The company’s revenue surged during the first quarter, exceeding US$522 million compared with US$128 million for the same period last year, according to its filings with the U.S. Securities and Exchange Commission. Its losses rose astronomically, though, from US$53 million for the three months ended March 31, 2020, to US$1.44 billion in the most recent quarter.


Increased scrutiny

That loss was mainly tied to convertible notes and liabilities from its emergency fundraising, when it was rushing to deal with the volatility of trading in GameStop and the other stocks that became popular on Reddit forums and trading apps.

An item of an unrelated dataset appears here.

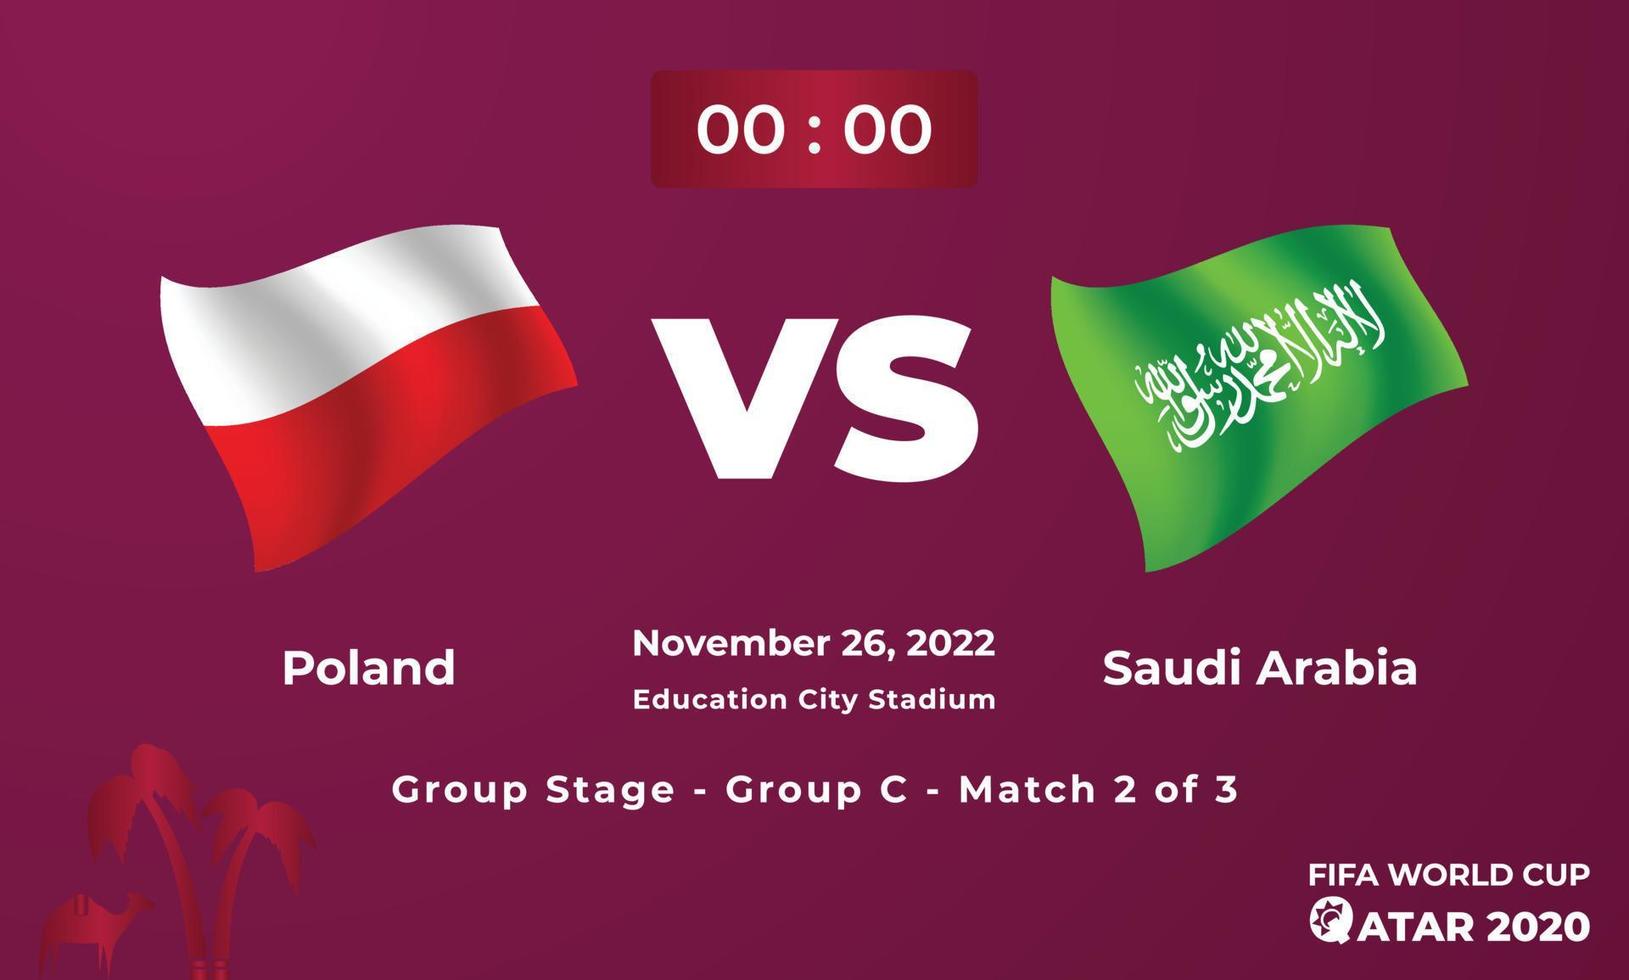 plantilla de partido de fútbol de polonia vs arabia saudita, copa mundial de la fifa en qatar 2022 vector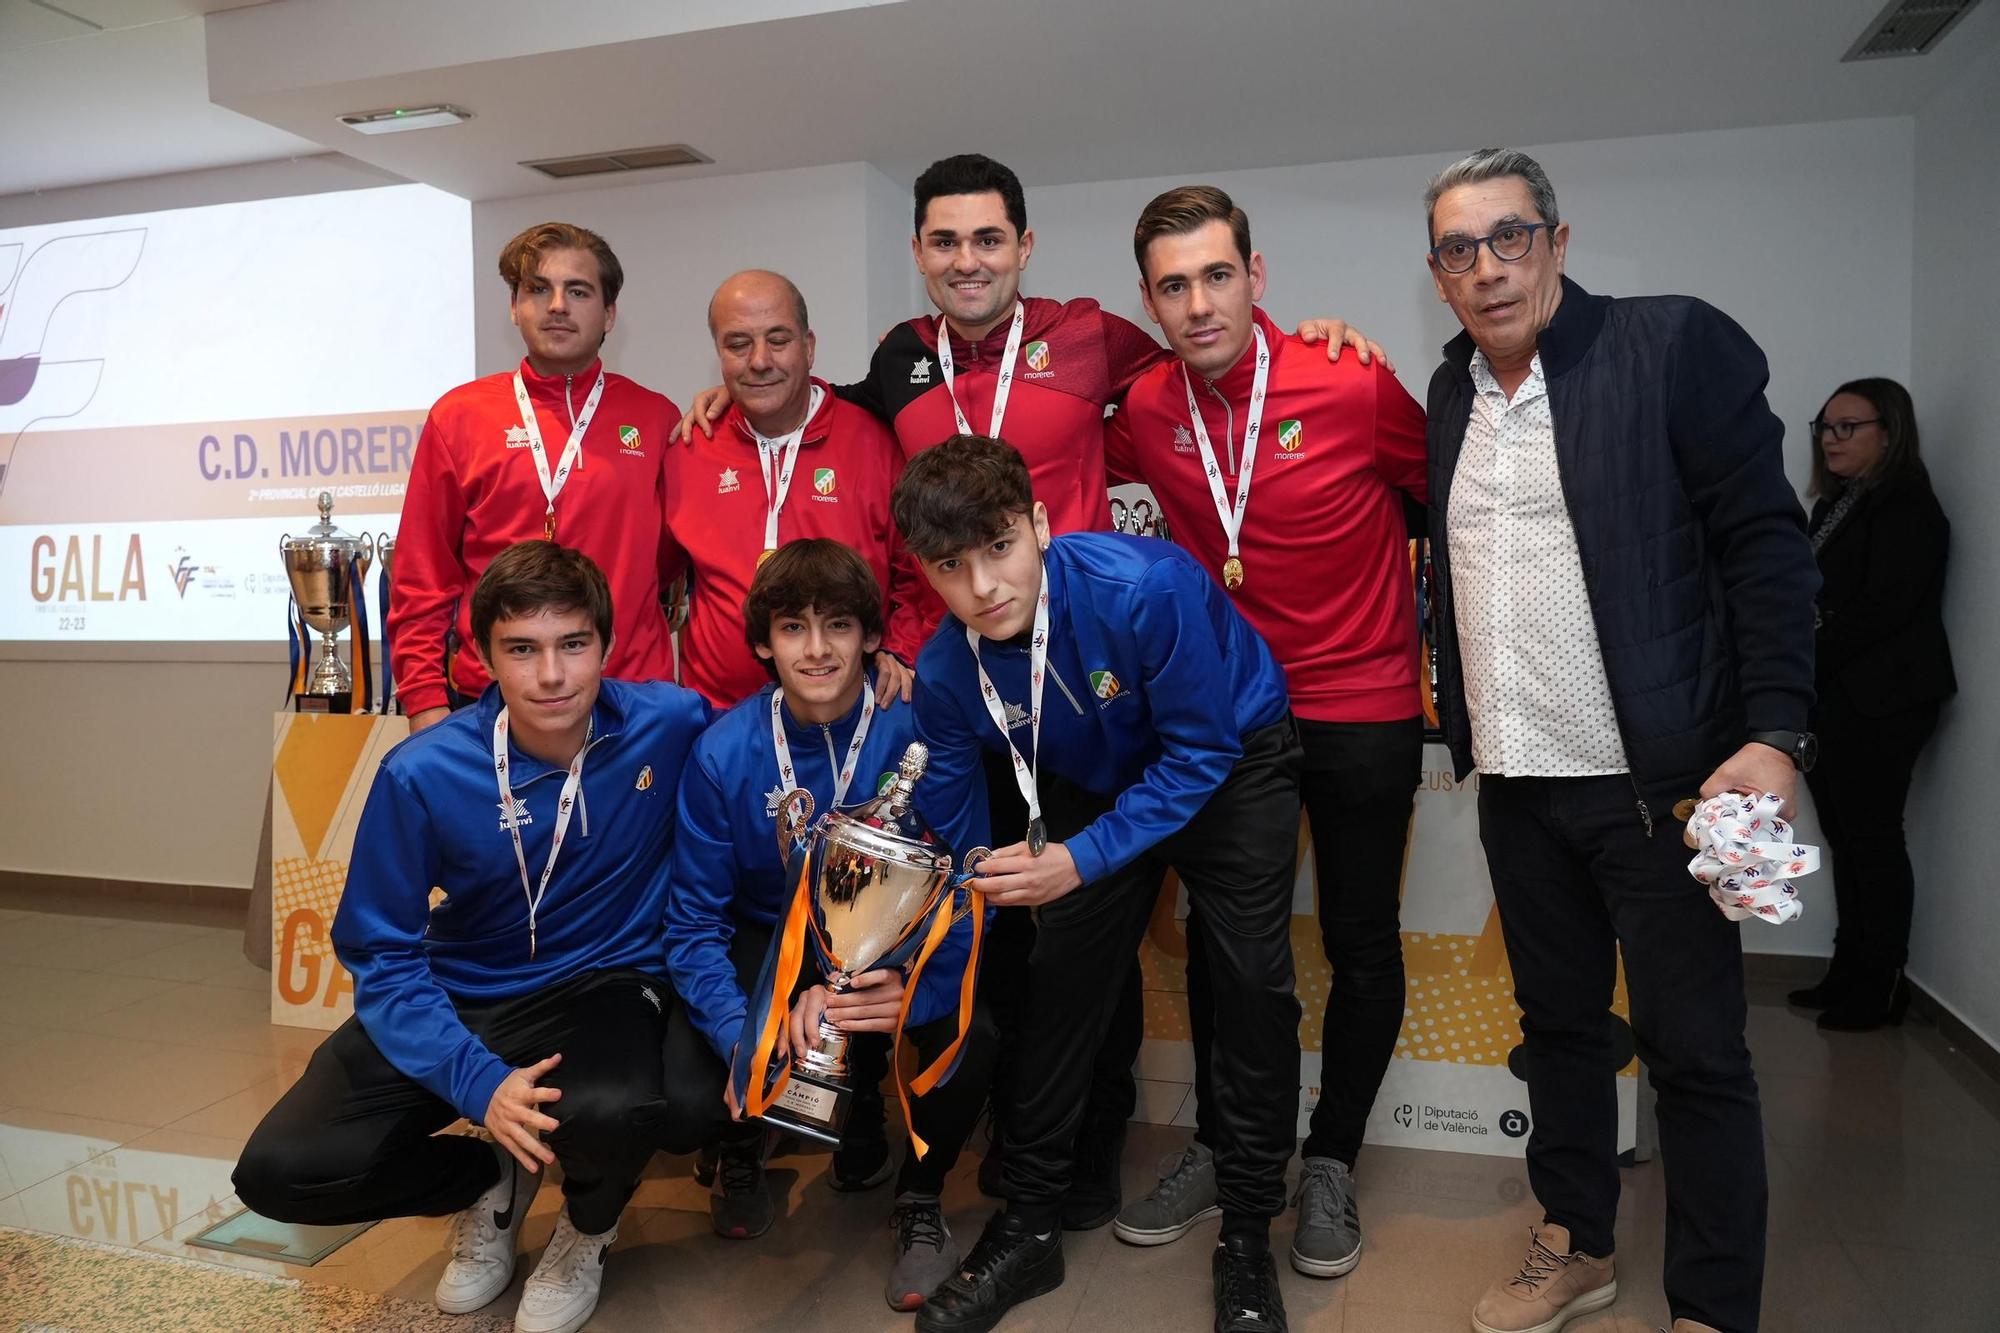 Galería | Los campeones de fútbol y fútbol sala de Castellón en 2023, aquí

Robinhood gathered more than US$3 billion from investors over a few days

The app’ increased popularity has led to scrutiny from politicians and regulators, who are focused on the so-called gamification of trading and the company’s role at the center of the meme-stock phenomenon.

The Financial Industry Regulatory Authority imposed a nearly US$70 million fine on Robinhood on Wednesday, a record for the watchdog. Finra alleged Robinhood misled its customers about margin trading, and lapsed in its oversight of technology and approvals for options traders. Robinhood neither admitted nor denied the claims.

Robinhood’s offering was led by Goldman Sachs Group Inc. and JPMorgan Chase & Co. The shares are trading on the Nasdaq Stock Market under the symbol HOOD.